If you decide to keep a HR monitor for a long period of time (read: send it in for repairs when it breaks or the batteries die) I still consider products by Nike & Garmin to be the best bet, since they have regional service centers. When I owned the Suunto there was only one place - San Diego, I think - to send the monitor for TLC.

Nike's C8 monitor had software & components which were easy to use & fairly user-friendly, with on-line "set-and-forget" (or "set-and-regret") functionality. I could also use the strap on spin bikes & Life Fitness equipment at the local YMCA; I never thought there was a downside to having a non-coded transmitter strap, but my wife was always a little less-than-enthused when her elliptical trainer workout would suddenly change intensity...it would pick up my heart rate & adjust accordingly. But...get that thing near any amount of water & you could guarantee a bad day...a guy who sweats a great deal should never use electronics which are not waterproof.

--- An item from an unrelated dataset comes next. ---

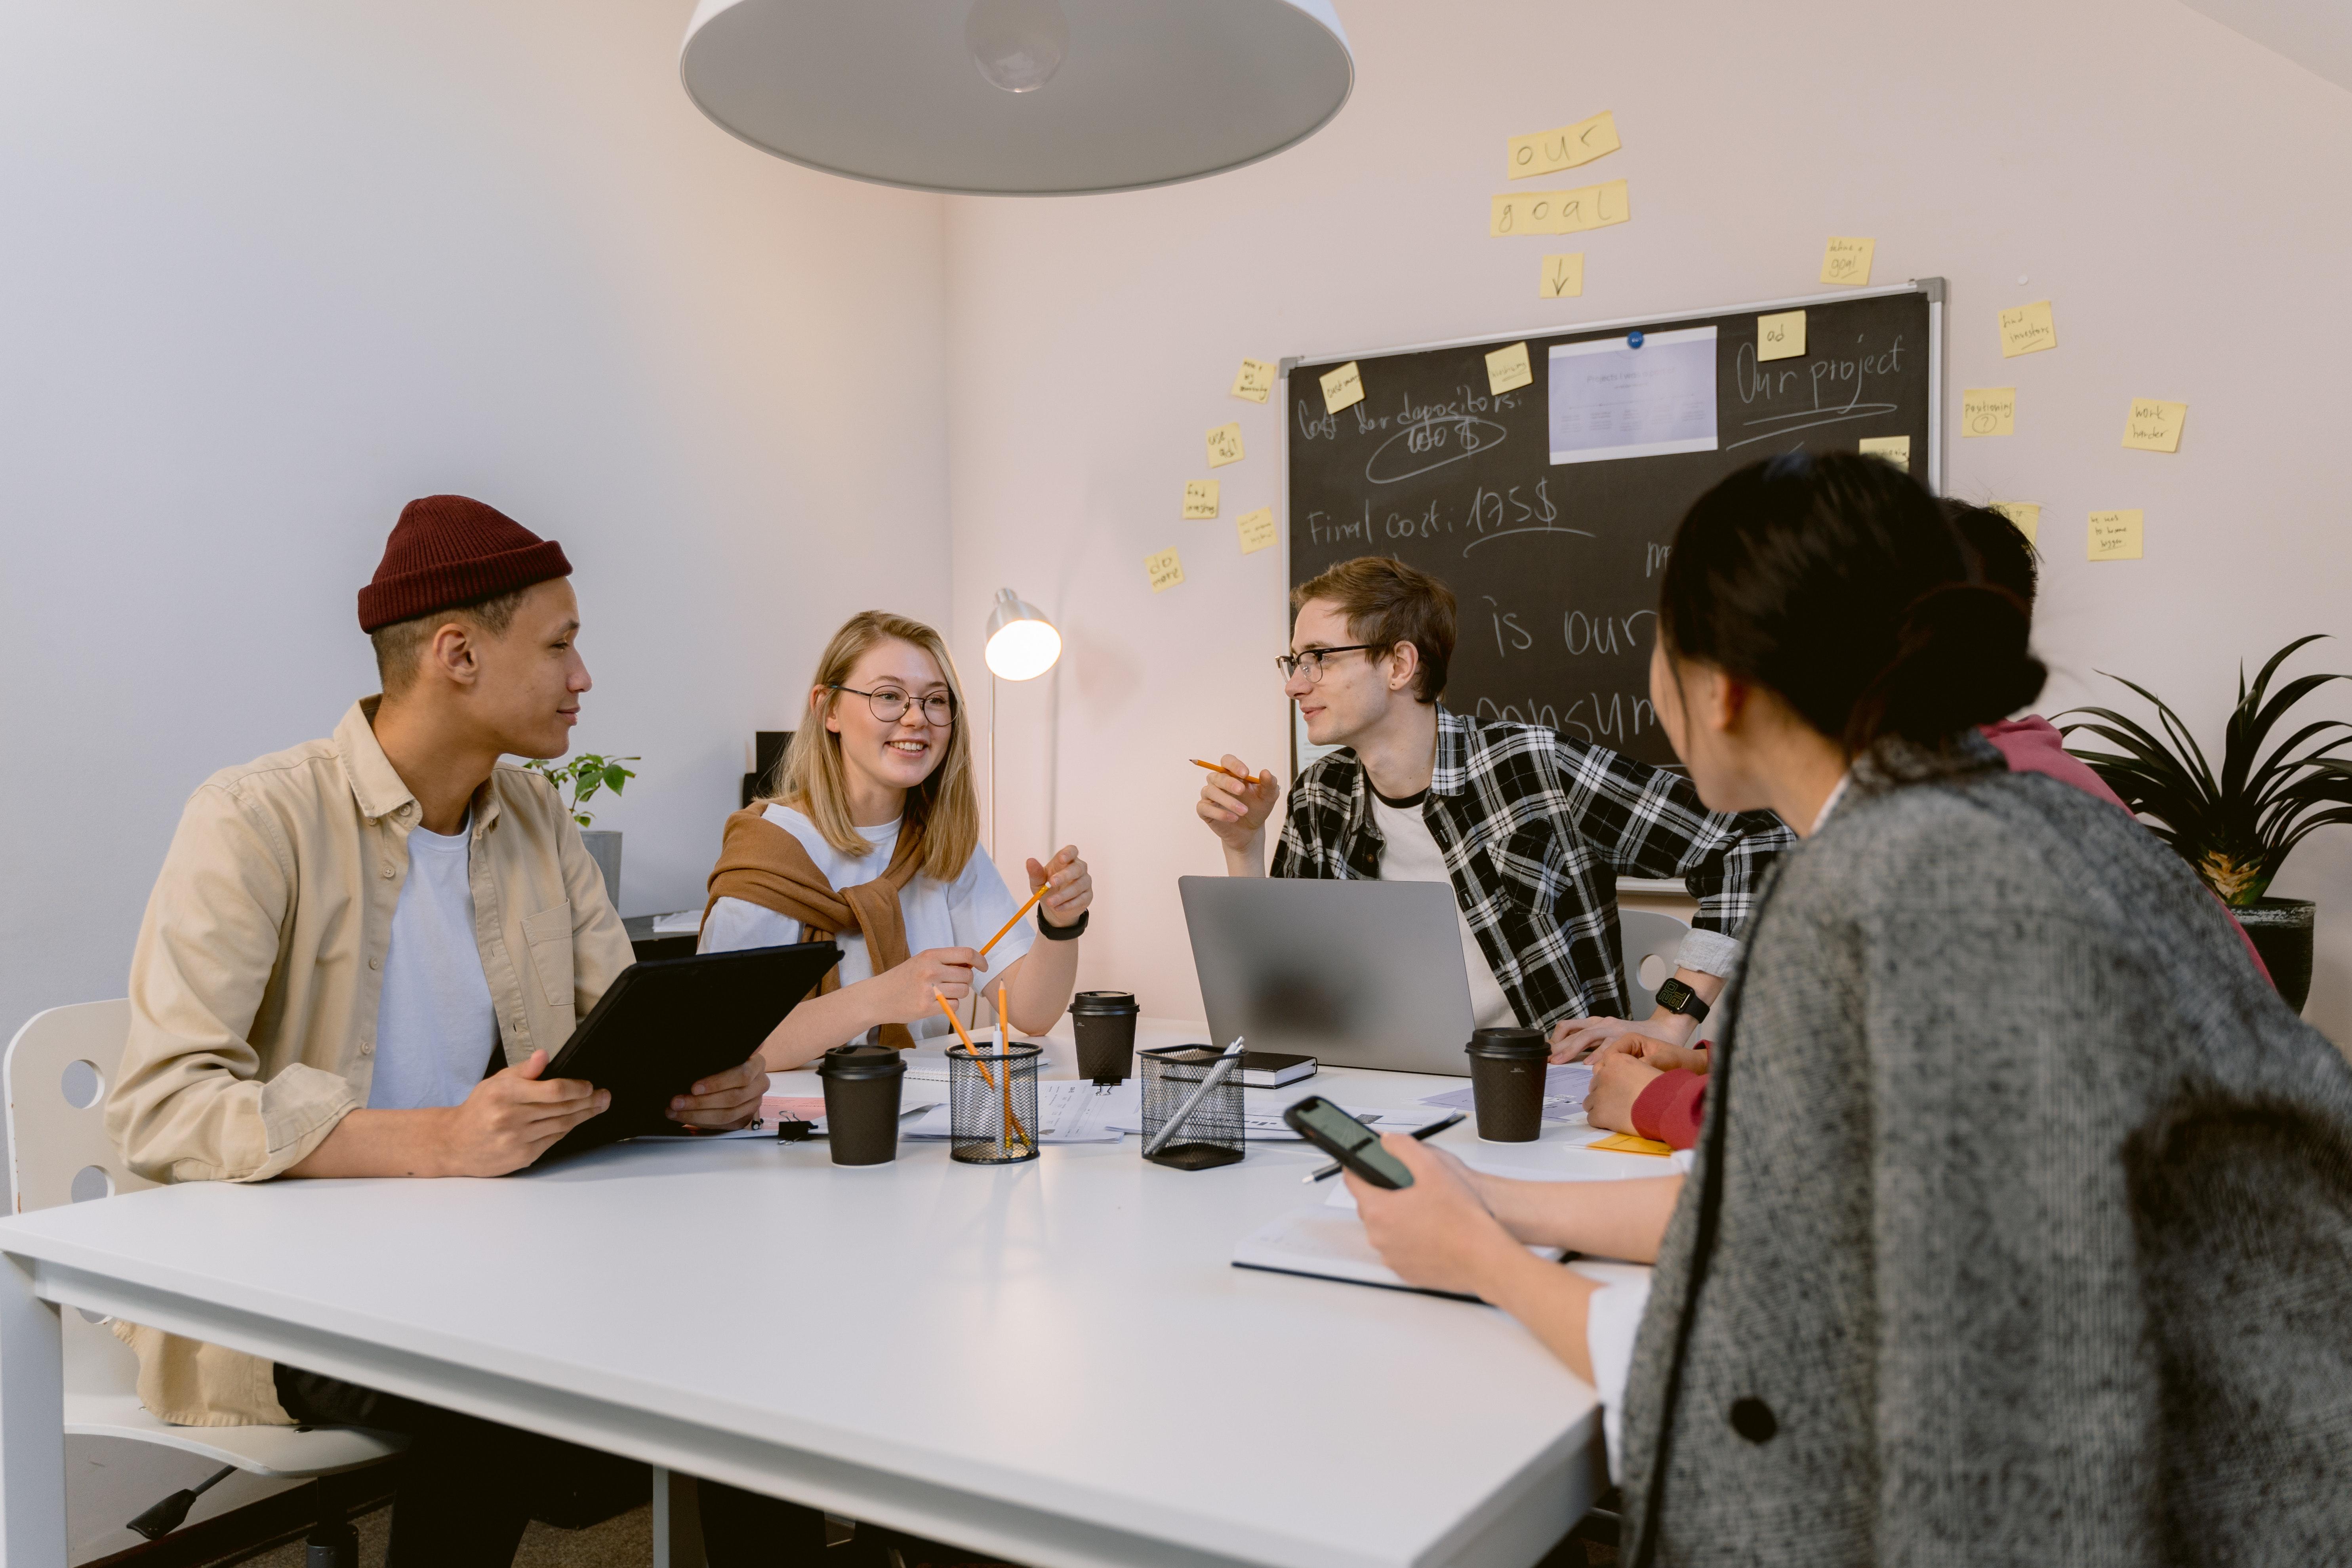 Sugestões da equipe para inovação em pequenas empresas

My most recent acquisition is the Garmin Forerunner 310 XT, which is a GPS unit with ANT+ compatible footpod for treadmill running, ANT+ wireless cadence meter for power estimation on the bicycle, & has, in my humble opinion, the most comfortable HR strap I've used. Oh, & I guess I should mention since it's built specifically for triathlon, it's waterproof. It has a battery life of about 20 hours, but how many people wear their HR receiver the entire day?

My wife will use gymnasium cardio machines, & keeps track of how hard she works by the pulse pads, but she absolutely hates the thought of having anything rub her chest or wrist...it irritates her (She rarely wears her ring, but we don't mind...) to no end. Even the Mio, which uses two finger pads on the monitor, was out of the question...definitely no good for cycling. I almost had her talked into trying out a Polar HR system a couple of years ago; it seems as though enough women complained about how difficult it was to wear a sports brassiere AND a heart rate monitor strap. The fine folks at adidas developed a running top which provided a modicum of support & a means for attaching the chest strap. But, as my wife likes to remind me, support wear is a personal thing, & one size does not fit all...it only fits one size.

Back to Polar, I've seen mostly their more inexpensive HR monitors, which tell the HR. Since my spin class had a bunch of these & my most recent HR monitor is not Polar compatible, I ended up using their strap. Functional, simple. Friends of mine have higher-end units: Polar is good at providing products with incremental increases in quality, features (and price). Their highest-end HR set-ups will tell you nearly everything you would need to know, work with programs like TrainingPeaks, & can help the individual athlete set up training plans.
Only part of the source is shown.